Randomised controlled trials (RCT)
In an ideal setting in a RCT, participants are randomly allocated by a process equivalent to the flip of a coin to either one intervention (such as drug treatment) or another (such as placebo treatment). Then both groups are followed up for a specified period of time and analyzed in terms of specific outcomes defined at the outset of the study (e.g. death, MI, stroke, serum cholesterol levels, etc.) The premise here is that since on average, the groups are identical apart from the intervention, any differences in outcome are, in theory, likely to be from the intervention.
Advantages of the RCT design:
Allows rigorous evaluation of a single variable (e.g. effect of drug treatment vs placebo) in a precisely defined patient group (e.g. post-menopausal women aged 50 - 60 years).
Prospective design (i.e. data are collected on events which happen after you decide to do the study)
Uses hypotheticodeductive reasoning (i.e. seeks to falsify, rather than confirm, its own hypothesis)
Potentially eradicates bias by comparing two otherwise identical groups.
Allows for meta-analysis (combining the numerical results of several similar trials).
Disadvantages of the RCT design:
Expensive and time consuming
Many RCTs are not completed or are performed on too few patients or are done for a too short period of time.
Most RCTs are funded by large research bodies (university, government sponsored) or drug companies, who ultimately dictate the research agenda.
Surrogate endpoints may not reflect outcomes that are important to patients.

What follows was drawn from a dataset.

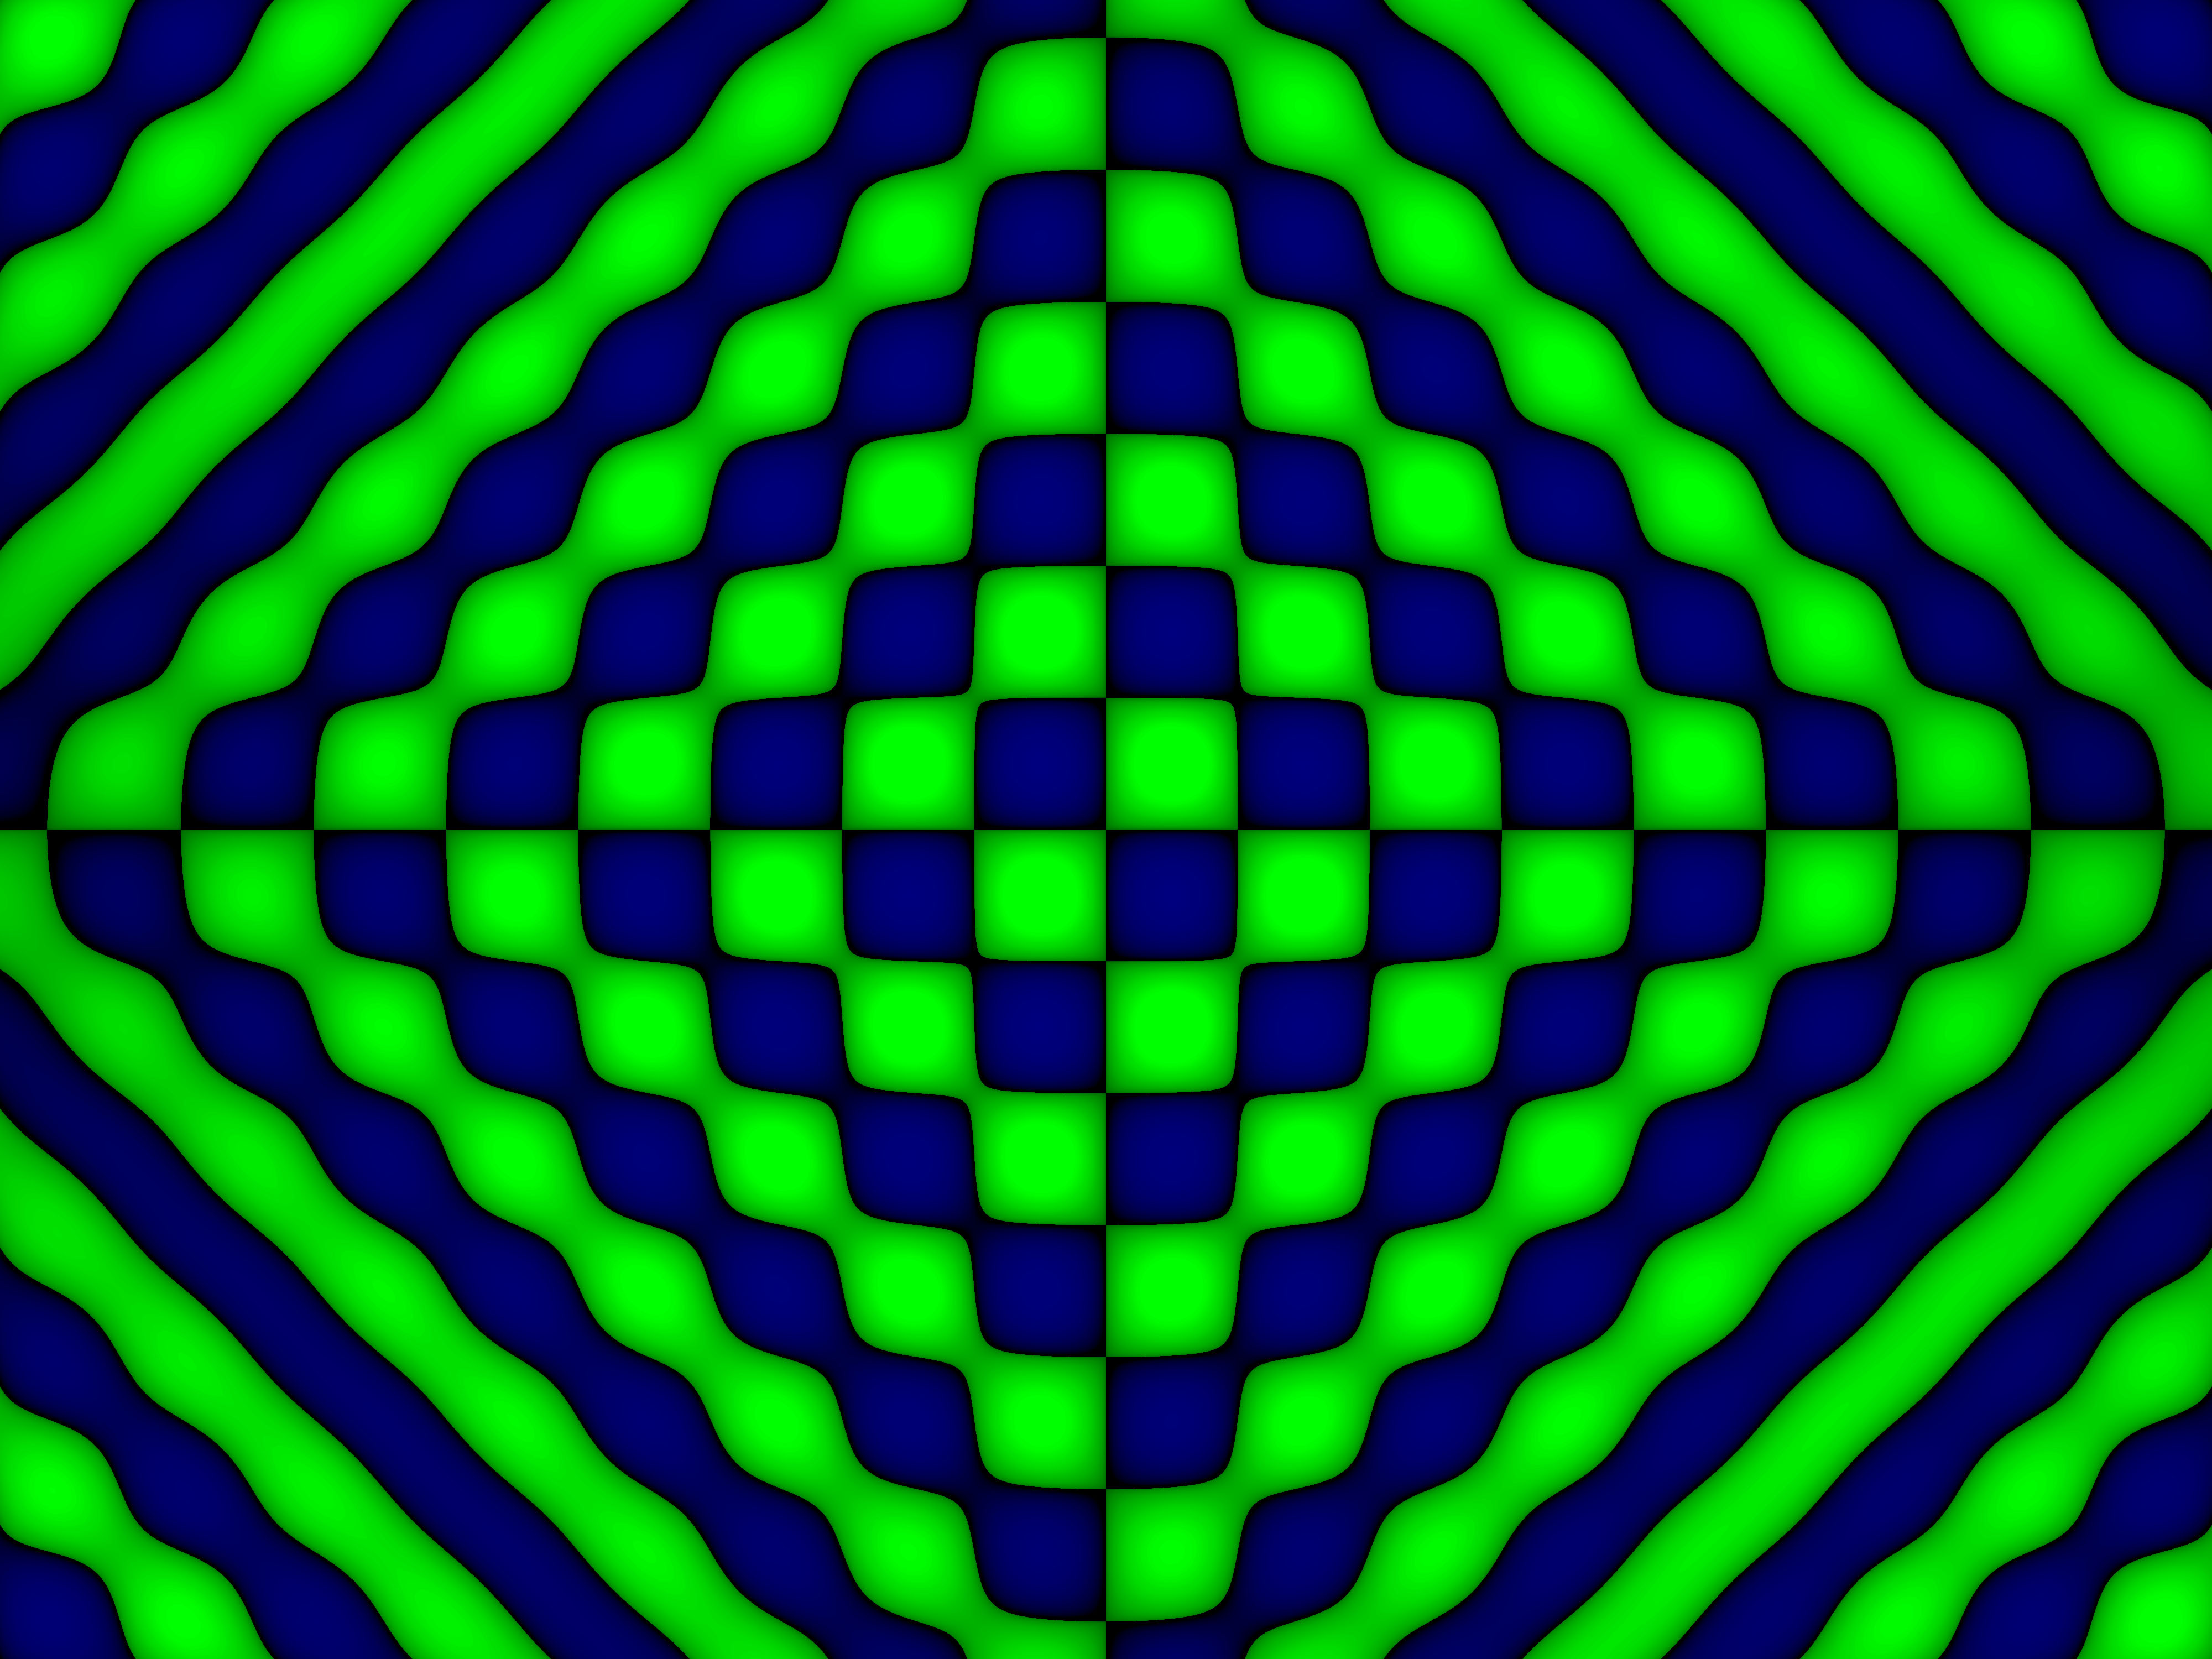 Digital Art Colorful 4000x3000

May introduce "hidden bias", especially through:
Imperfect randomization
Failure to randomize all eligible patients ("cherry pick patients")
Failure to blind assesors to randomization status of patients.
RCTs are unnecessary:
When a clearly successful intervention for an otherwise fatal condition is discovered
When a previous RCT or meta-analysis has given a definitive result (either positive or negative and no in-betweens).
It may be that a thorough search of the literature needs to be performed before deciding whether an RCT needs to be done.
RCTs are impractical:
When it would be unethical to seek consent to randomize.
Where the number of participants needed to demonstrate a significant difference between the groups is prohibitively high.